In certain circumstances, genetic testing may be recommended to ascertain the diagnosis, especially when:

• The results from imaging tests remain inconclusive
• Individuals with a family history of PKD are considering kidney donation
• Individuals under 30 with a family history of PKD and negative ultrasound results are planning to start a family
• Despite its utility, genetic testing is only sometimes recommended due to its high cost and a failure rate of about 15% in detecting PKD in affected individuals.

Treatment Approaches for PKD

Current Research and Lifestyle Changes

PKD has no cure, although research is continuing to identify viable treatments. According to preliminary research, lifestyle changes, including drinking plain water and avoiding coffee, may reduce cyst growth. Understanding PKD's genetics is another focus of research to provide tailored therapy.

In the meantime, supportive polycystic kidney disease causes therapy can manage symptoms and slow disease development, including:

• Rigorous control of blood pressure
• Immediate administration of antibiotics for bladder or kidney infections
• Increased fluid intake upon noticing blood in the urine
• Appropriate pain management (under medical guidance)
• Maintaining a healthy lifestyle through regular exercise, weight management, and reduced salt intake
• The FDA authorized tolvaptan for Autosomal Dominant PKD in 2018. This medicine may delay kidney function deterioration in persons with this type of PKD. This treatment should be discussed with a doctor.
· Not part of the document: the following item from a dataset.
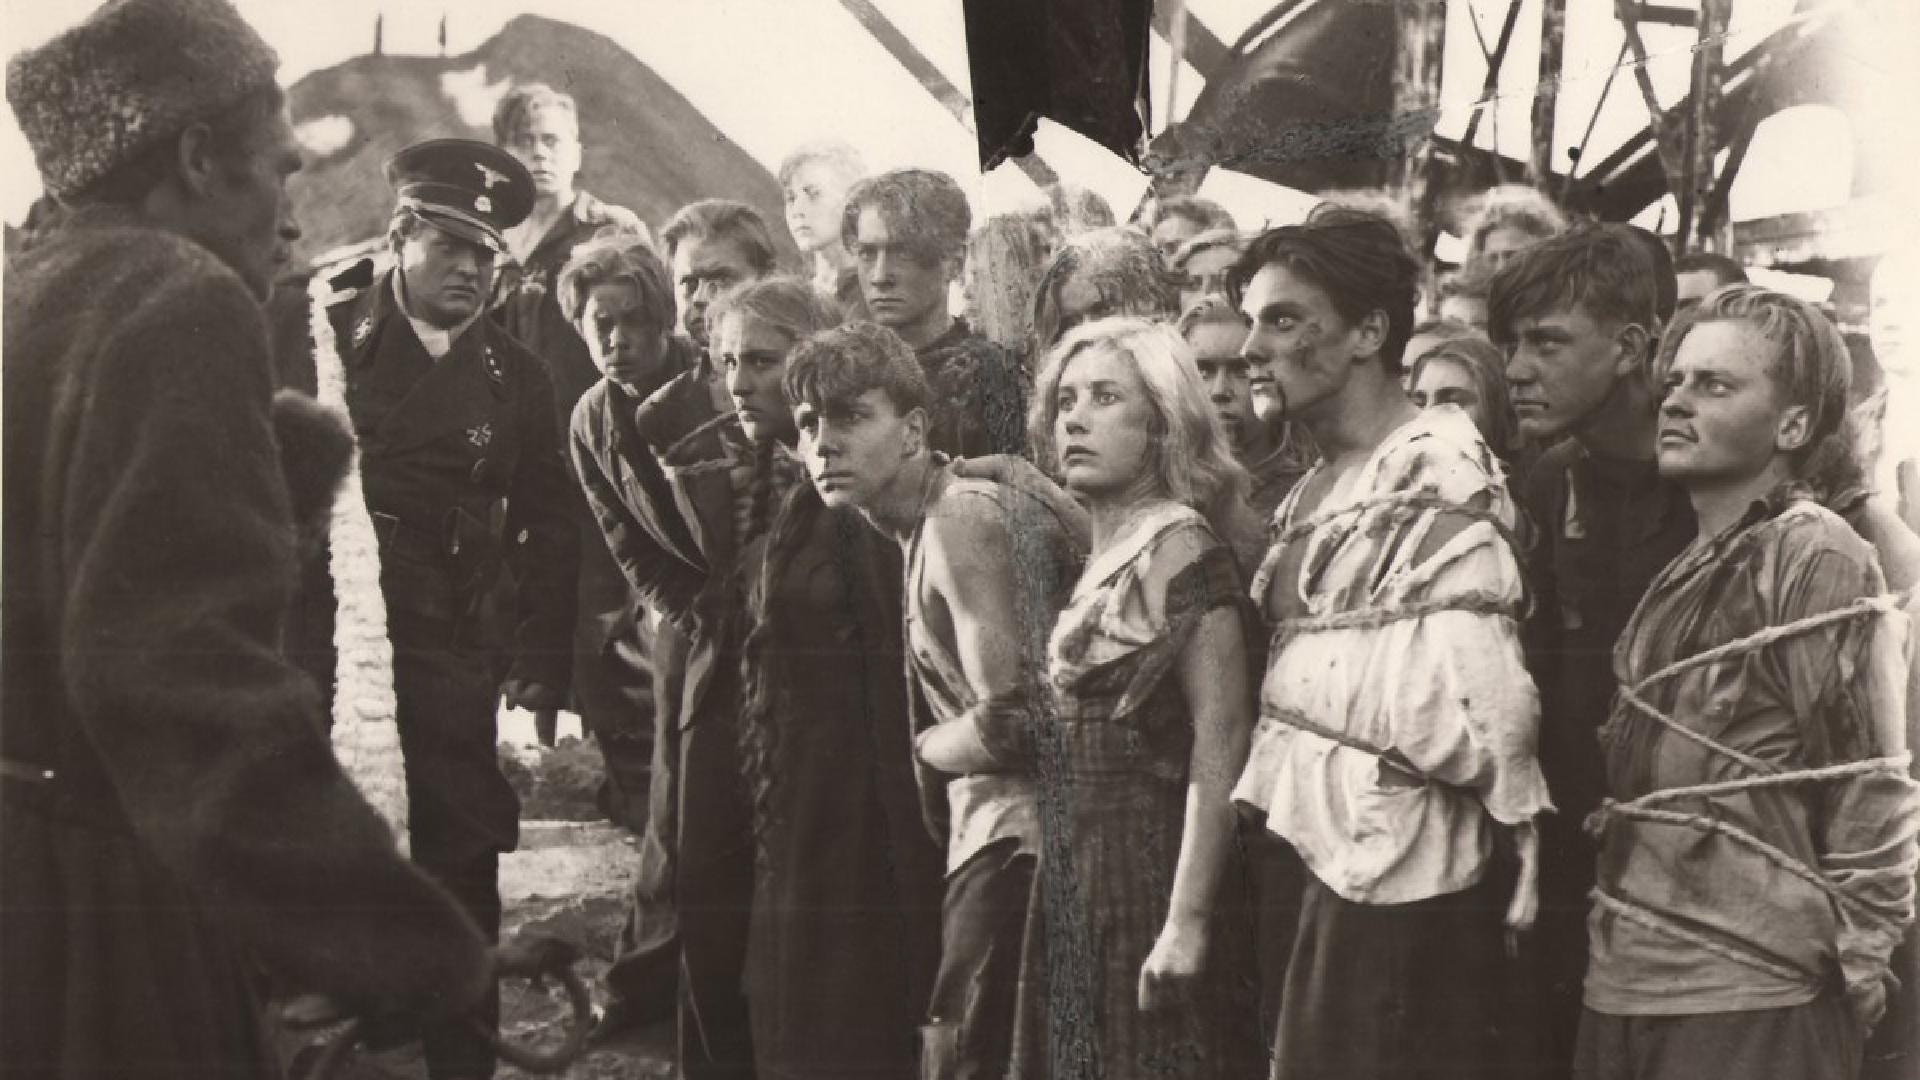 Мокрая Елена Коренева – Романс О Влюбленных (1974)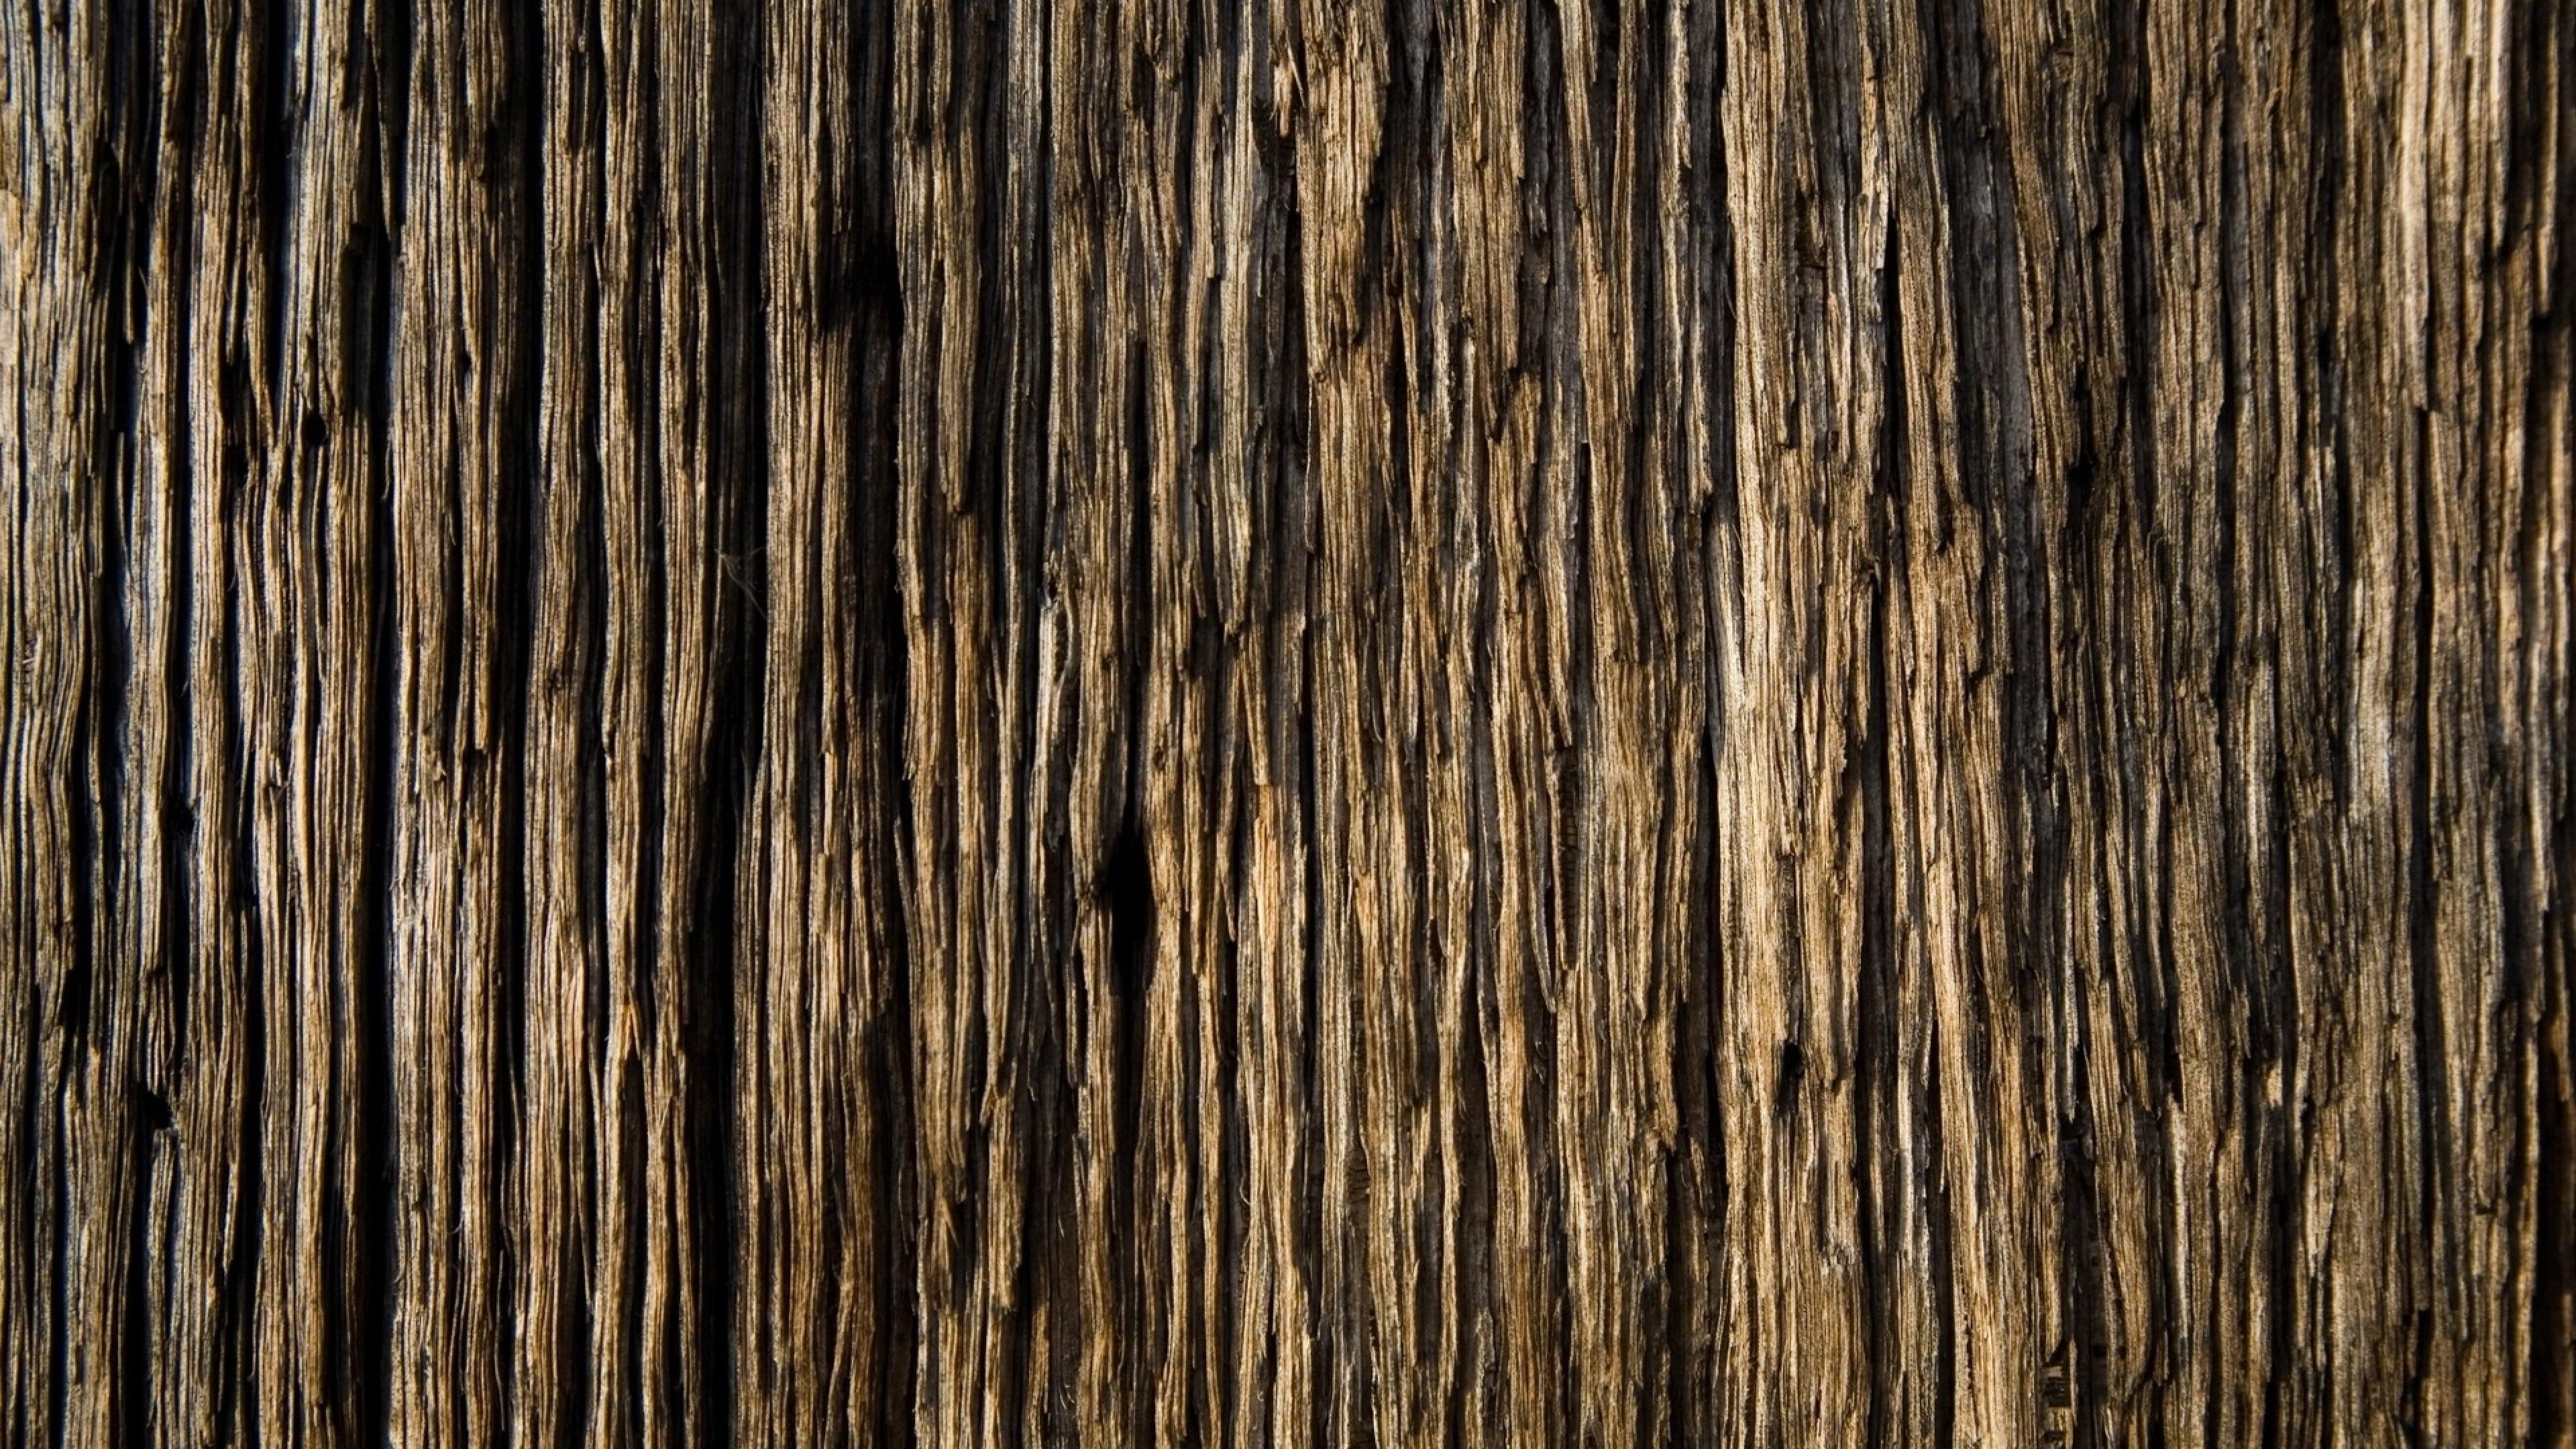 17 Fantastic HD Tree Bark Wallpapers

Nutritional Guidelines for PKD

No diet has been shown to prevent polycystic kidney disease and PKD cysts. In hypertensives, a low-salt diet helps lower blood pressure. Moderate caloric, low fat, and balanced diets are recommended for weight maintenance. Consult a doctor or dietician for a coffee-free diet.

Exercise Advice for PKD Patients

Physical activity improves PKD patients' health. However, kidney-harming activities like contact sports must be avoided.